◆ Task instructions
Pictures are to be omitted. Output only the lines from the one containing "Ebay Overhauls Ipad" through the end of the data, word for word.

── Given material ──

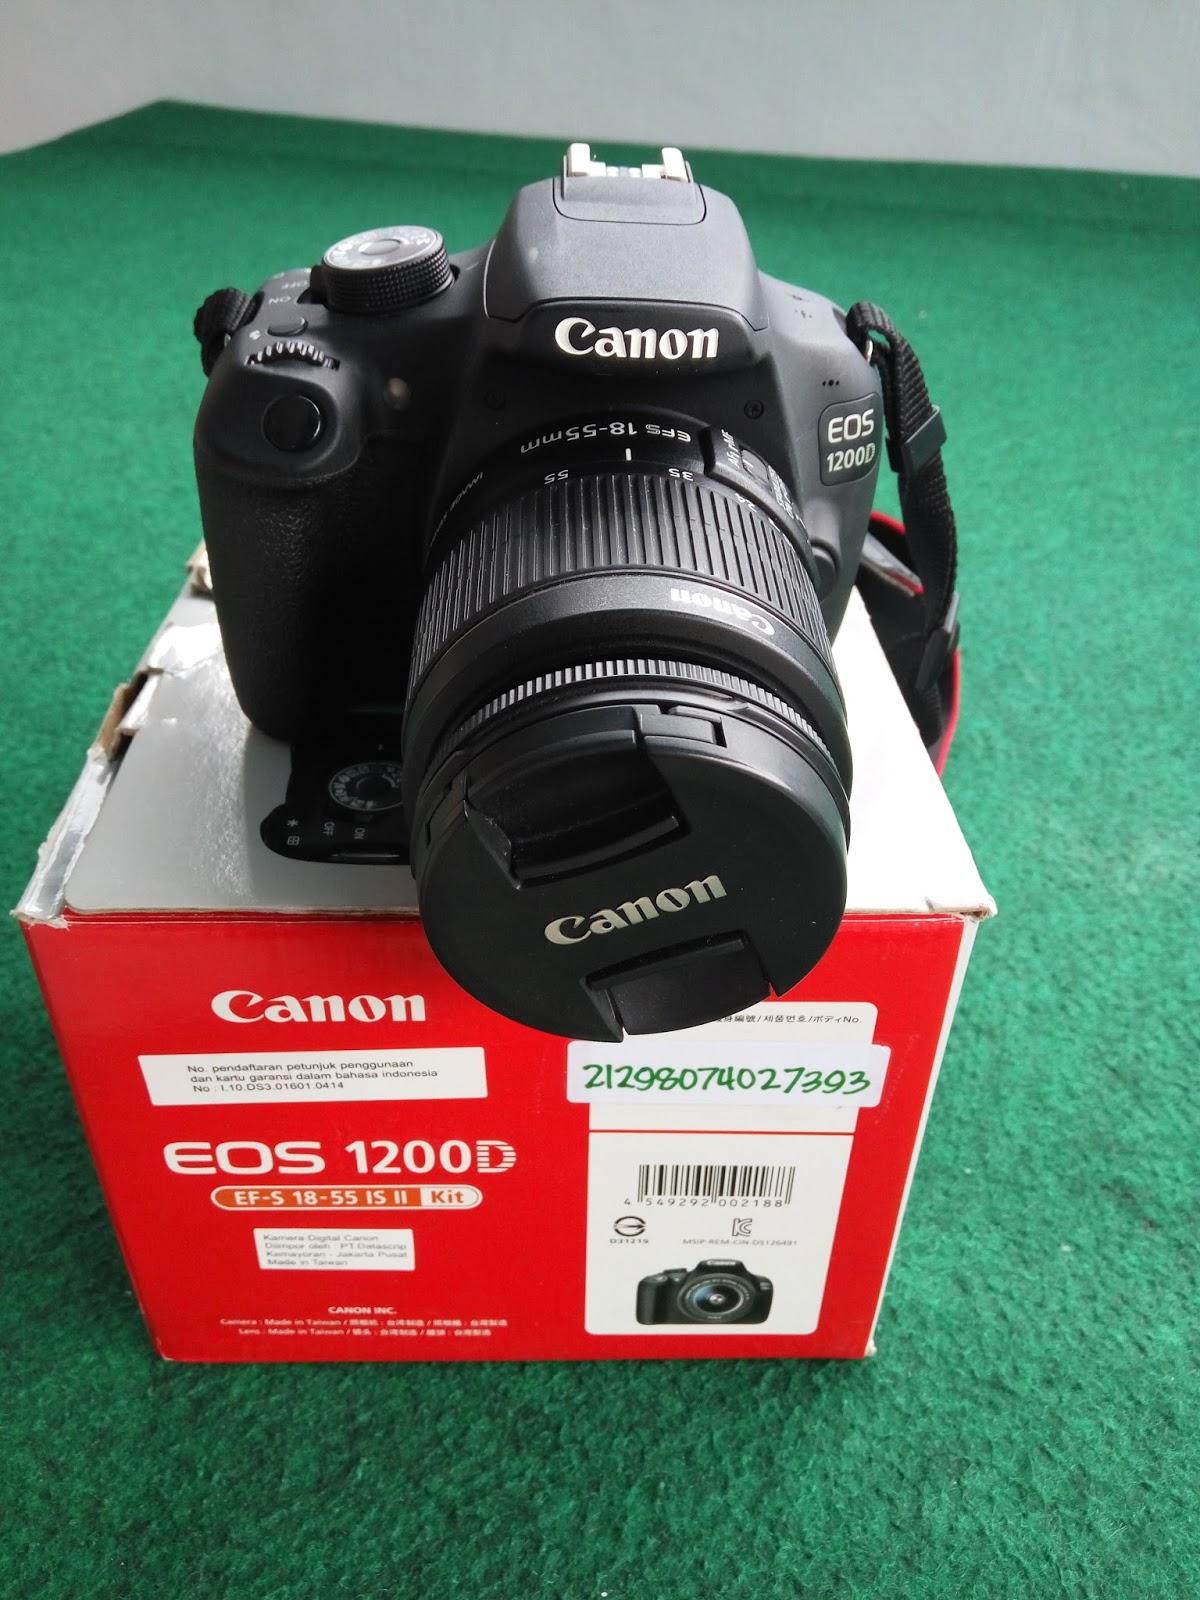 Harga Kamera Dslr Canon Eos 1200d Bekas Lensa 18 55mm Kit Jual Unyu Fulset
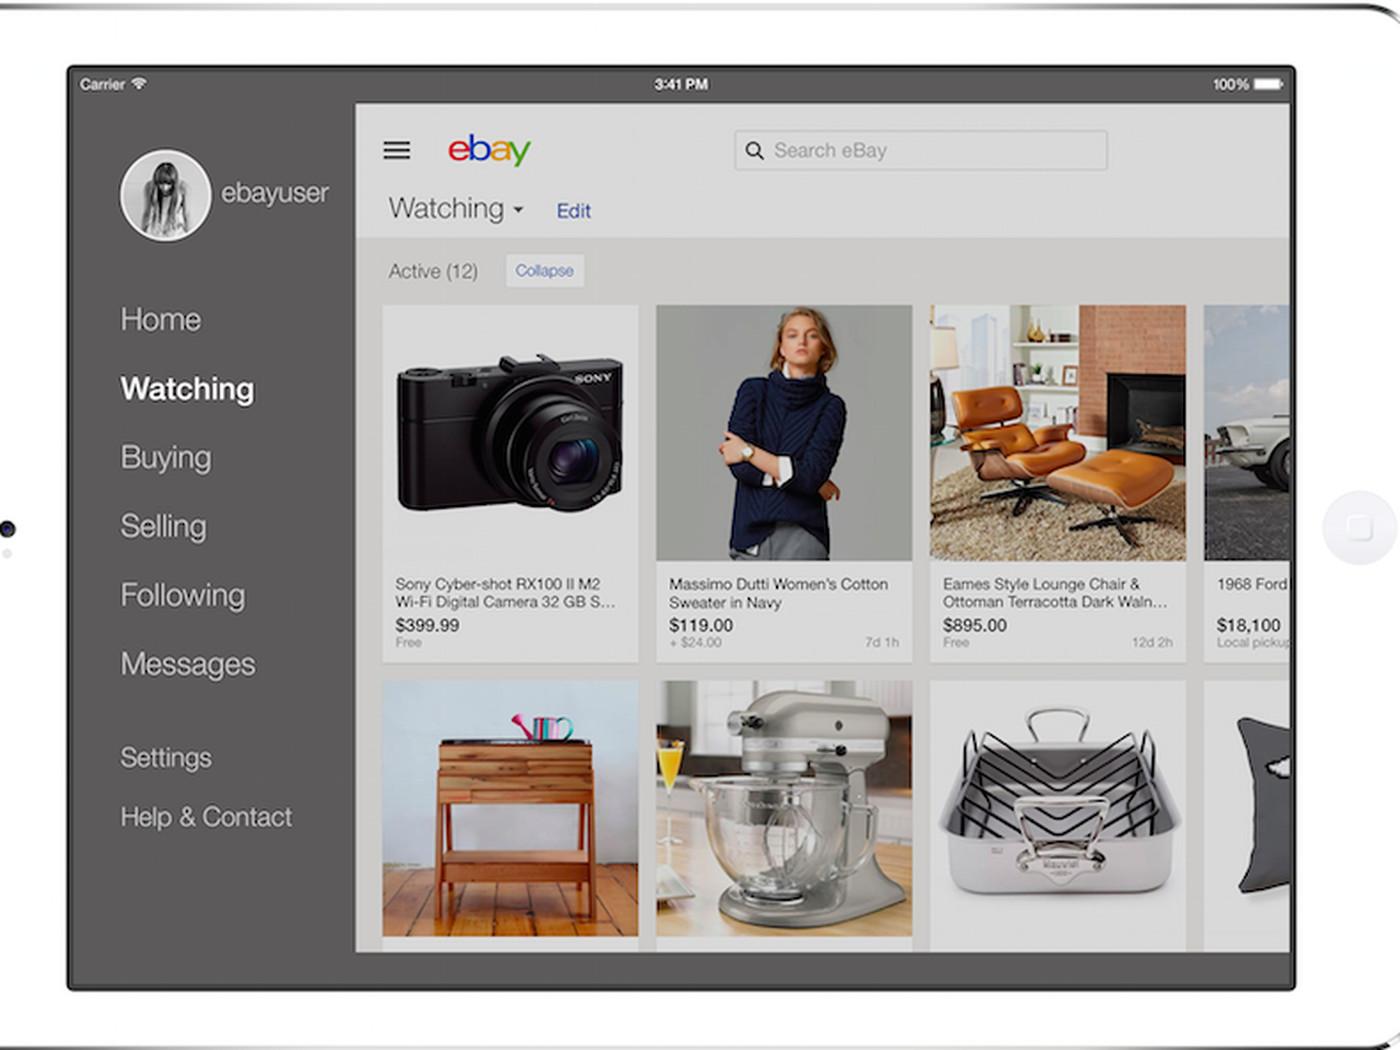 Ebay Overhauls Ipad App To Look More Like Pinterest And Less Like Amazon Vox
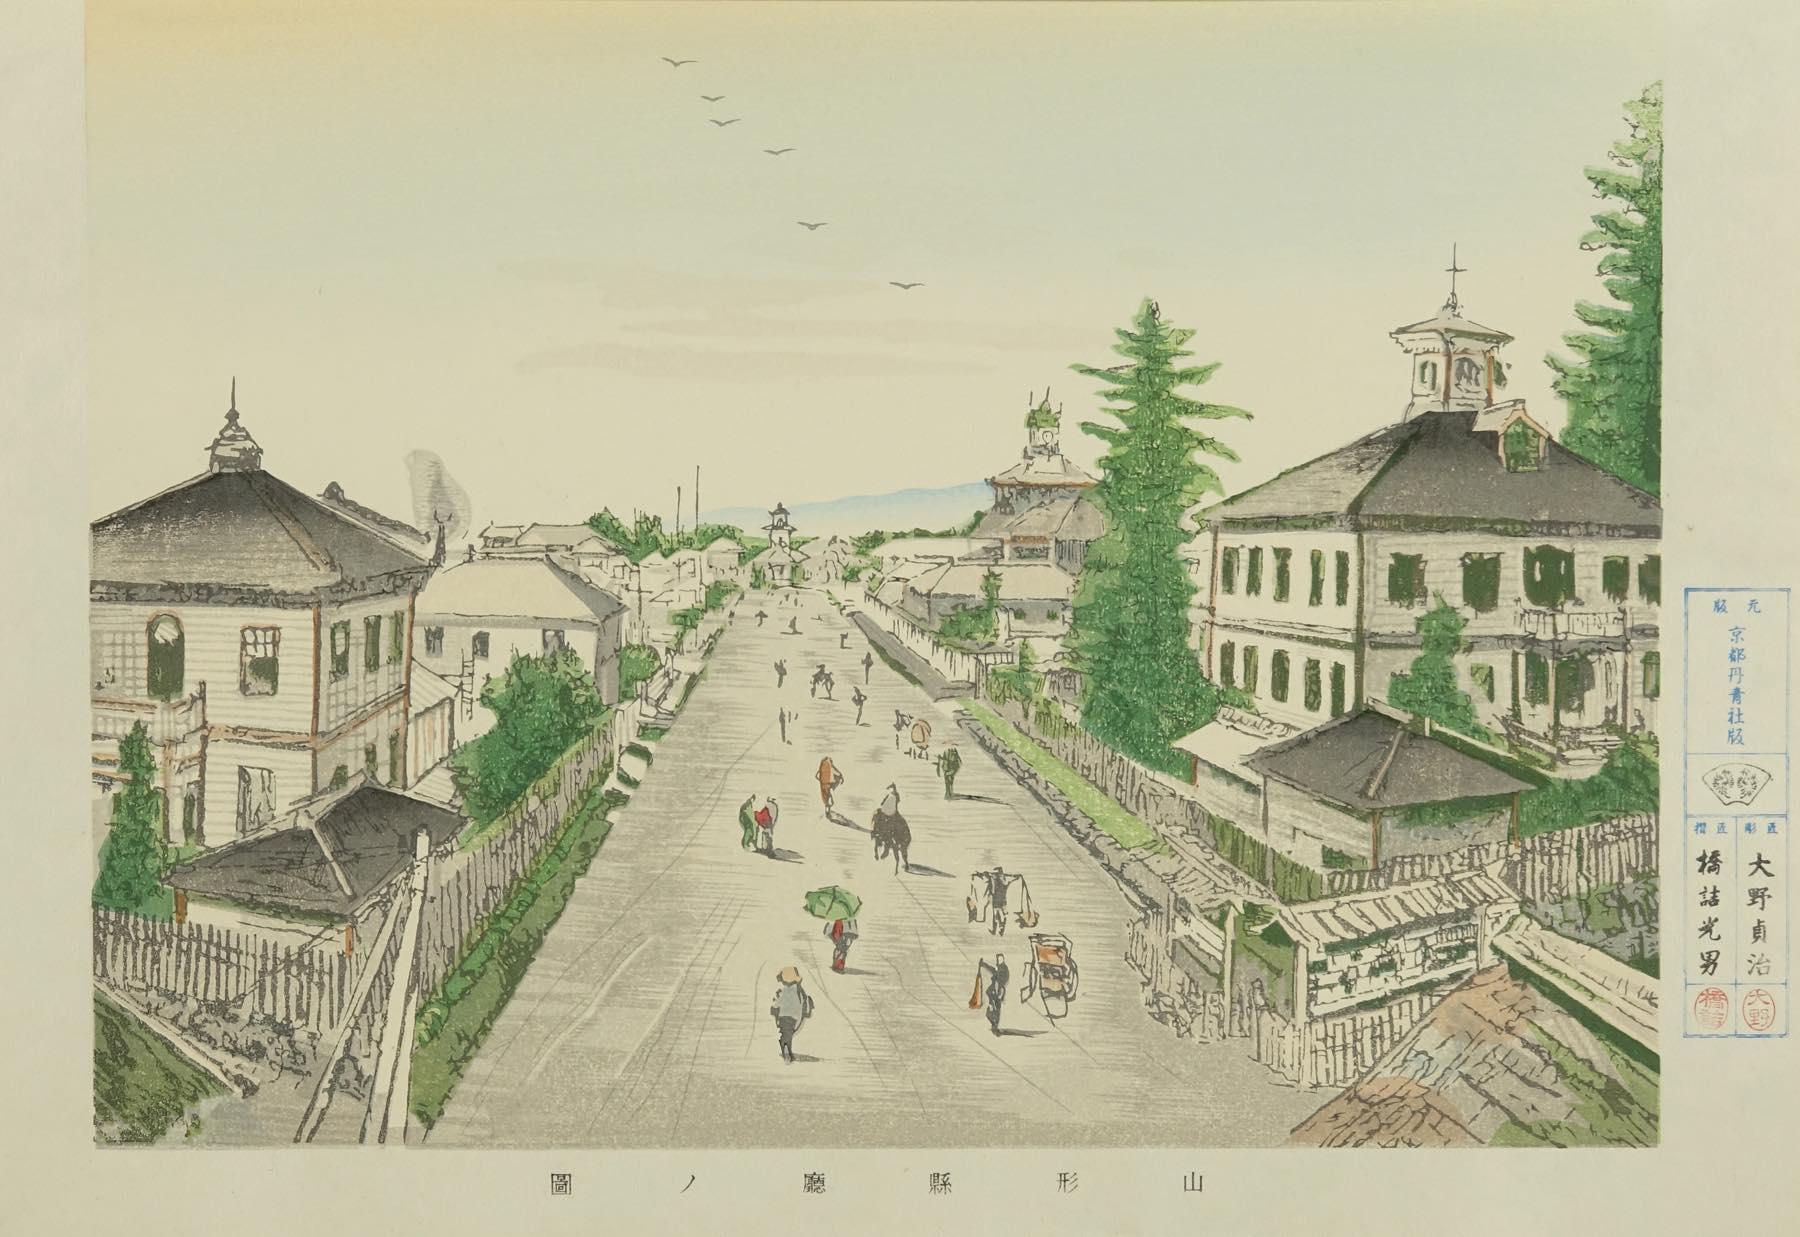 高橋由一 近代山形県のあけぼの 手刷複製木版画 24枚揃 丹青社 各約34.5x44.5cm. 台紙付 解説付 帙入

───

◆ Exercise solution
 Ebay Overhauls Ipad App To Look More Like Pinterest And Less Like Amazon Vox
 高橋由一 近代山形県のあけぼの 手刷複製木版画 24枚揃 丹青社 各約34.5x44.5cm. 台紙付 解説付 帙入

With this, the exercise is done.